Annie’s Trees III

During our first day in the trees, it kept snowing. Not a lot, but enough to fill in the tracks and soften the turns all afternoon. Towards the end of the day, we were skiing with Cheryl, who likes the trees and fresh snow well enough, but was looking for something easy to end the day.

After lunch at the snack counter in the day lodge at the base of Long Shot, we barreled up the Two Creeks lift, and onto Elk Camp. The day before, when Annie rented her board, the girl in the shop talked up “The Wall”. Code name for Hanging Valley Wall, this is an open face shearing down nearly 1000 vertical feet to the northeast, cleared of trees either by the fire or by avalanches, or probably both. The Elk Camp lift has a bird’s eye view of the Wall, off to the left.

“See, that’s the Wall,” I explained to her.

“Wow, that looks tough. Do you think I can do it?”

“Sure; it’s steep, but there’s not a lot of trees, and a snowboard will handle the snow pretty well. We can go there tomorrow if you want. The hardest part is dropping in through the headwall gully up above there, just between the cliffs.”

She grunted uncertainly.

We neared the top. The snow obscured the great view up there, so we headed for the day’s “noon groom”, Bear Bottom, in the little valley below the Wall. This area used to be Cheryl’s favorite set of runs. Protected from the winds, gentle, but with lots of curves, whoop-de-doos, and tree patches left in the middle of the runs, it offers a sense of isolation, of wildness, but with a very tame slope and conditions. And, it has a series of hidden tree runs, between the marked ones.

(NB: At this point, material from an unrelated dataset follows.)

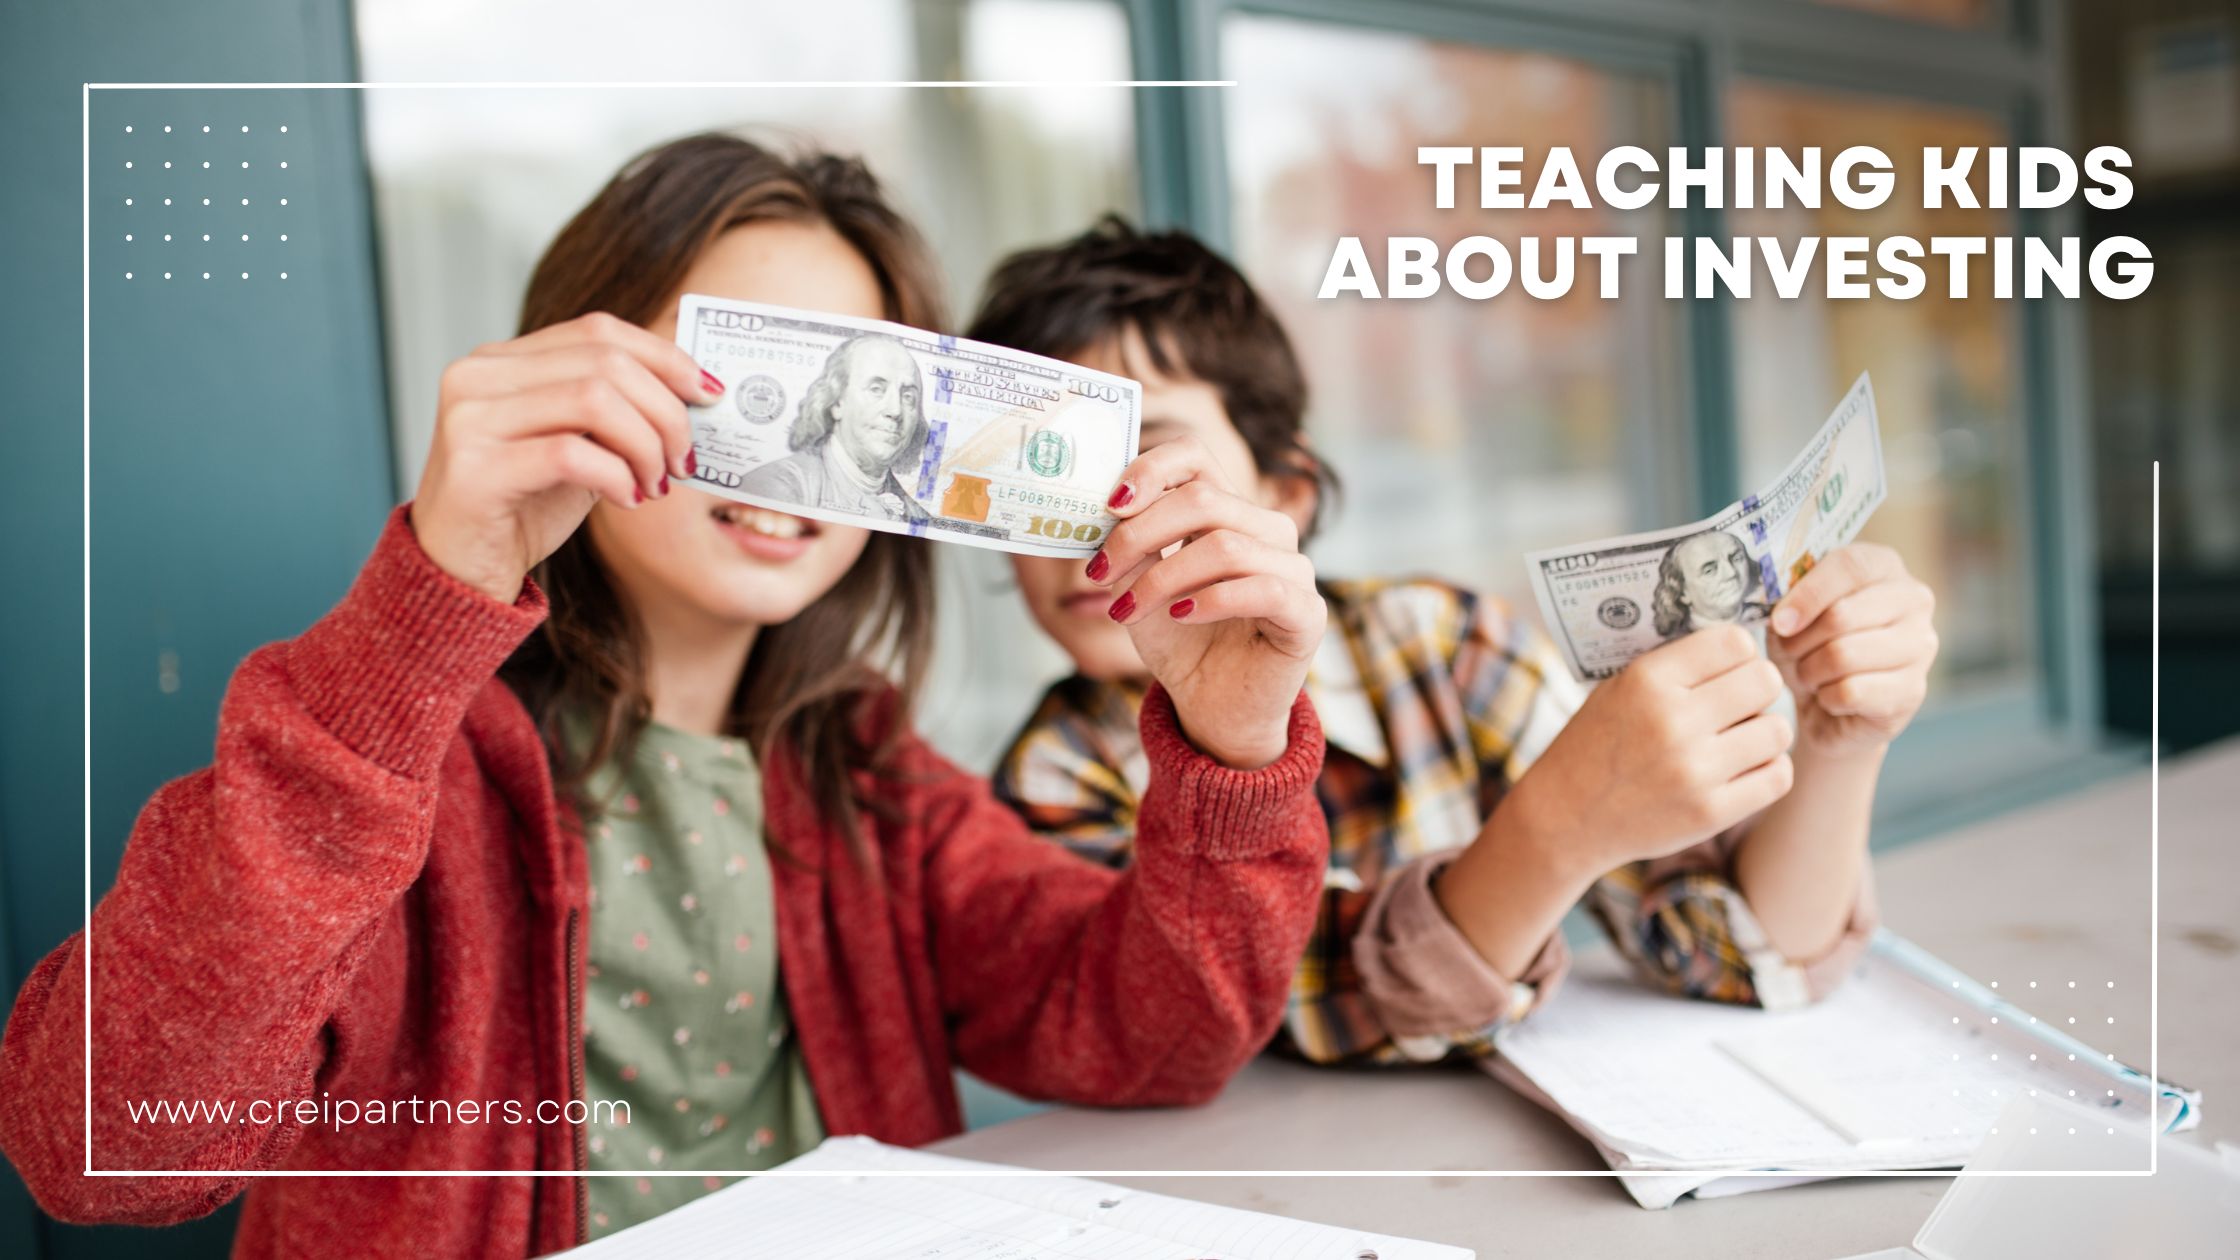 Teaching Kids About Investing by CREI Partners

Since this is basically a low-intermediate chair, hardly anyone ever ventures into these patches, and there is always snow, sometimes for days after a dump. The trees are not really thinned out at all, but the elevation is high enough that undergrowth is non-existent, and the trees grow far enough apart that, given the shallowness of the slope, it is a manageable trip.

We tried the trees off of Grey Wolf, skier’s left, down the steep slope towards Gunner’s View. This is a double fall line, and the trees are wide apart. We picked our way through, and hit the gentler slopes midway, swooping in and out at the edge of the packed slope.

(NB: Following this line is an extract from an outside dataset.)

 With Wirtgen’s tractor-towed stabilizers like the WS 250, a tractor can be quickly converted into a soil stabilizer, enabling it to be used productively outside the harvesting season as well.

“We’ve got to do that again!” shouted Annie at the bottom, after a high five for the sheer joy of it.

So back up we go, this time falling down into the Sandy Park chutes, aiming for the apex where Bear Bottom splits off from Gunner’s view. This patch of trees proved … simply heavenly. Most turns, I would brush the evergreen branches. Every ten turns or so, in the upper third, we’d drop out onto a narrow cat track, then flop back into the ten foot high forest. Most of the spaces were either filled in, or totally fresh. Turns were quick, and if you missed, you had to stop and start up again, putting a premium on not missing any beats.

The flattish light of the early January late afternoon snow squall disappeared within the woods. The greens stood out garishly, a peripheral blur as we smoked and slithered our way in between. We moved mostly with our middles, keeping feet and shoulders calm, and using our cores to twist side to side and drop up and down. Sometimes the space was so tight, I had to fight my way through, throwing one or both hands out front to become narrow enough to fit. The soft snowflakes on my face kept me from overheating, and my helmet came in handy every now and then as I ducked under or around a misplaced branch.

Later, in the hot tub watching the sun ever so briefly pop out for a last gasp before dying below the ridge, I realised I’d never skied exactly that tree run before. The snow was perfect, the spaces were perfect, and Annie never missed a turn behind me. I’d stop, and there she’d be, beaming, almost laughing at the joy of movement.

We hit those trees again at the end of the next day, and the next. By the third time around, the snow had stopped falling, and our speed downhill rose precipitously. Not as much fun, but exhilarating nonetheless, for it being that much harder.

I’ve only named a few runs on the mountain. There’s Dave’s Run, a sneaky route through the trees at the top of the Burn, heading across the face down into – whatever you want to do on the bottom third. There’s Wipeout Hill, the treacherous cliff my sister and I confronted on the bunny slope when we were just learning the ropes. (Now, it’s hard to tell it apart from the cat track that leads into it). There’s my run, which meanders from the very top, over the Headwall, into the Dikes, and then swoops through Pinball Alley and the creek below it, ending at the Sheer Bliss lift after nearly 3000 vertical feet of off track heaven. There’s The Sidehill, a small patch just ABOVE my run, right after the spot where Sheer Bliss run drops onto the Trestle cat track. This one is a sharp right turn UPHILL, then a quick up unweight to the left and two more turns down the face, back to the right onto the cat track. It is purely for show, my little version of the X Games.

And now, there is Annie’s Trees, just tight enough for a 5’5’’ snowboarder to snake through and remain upright and jubilant.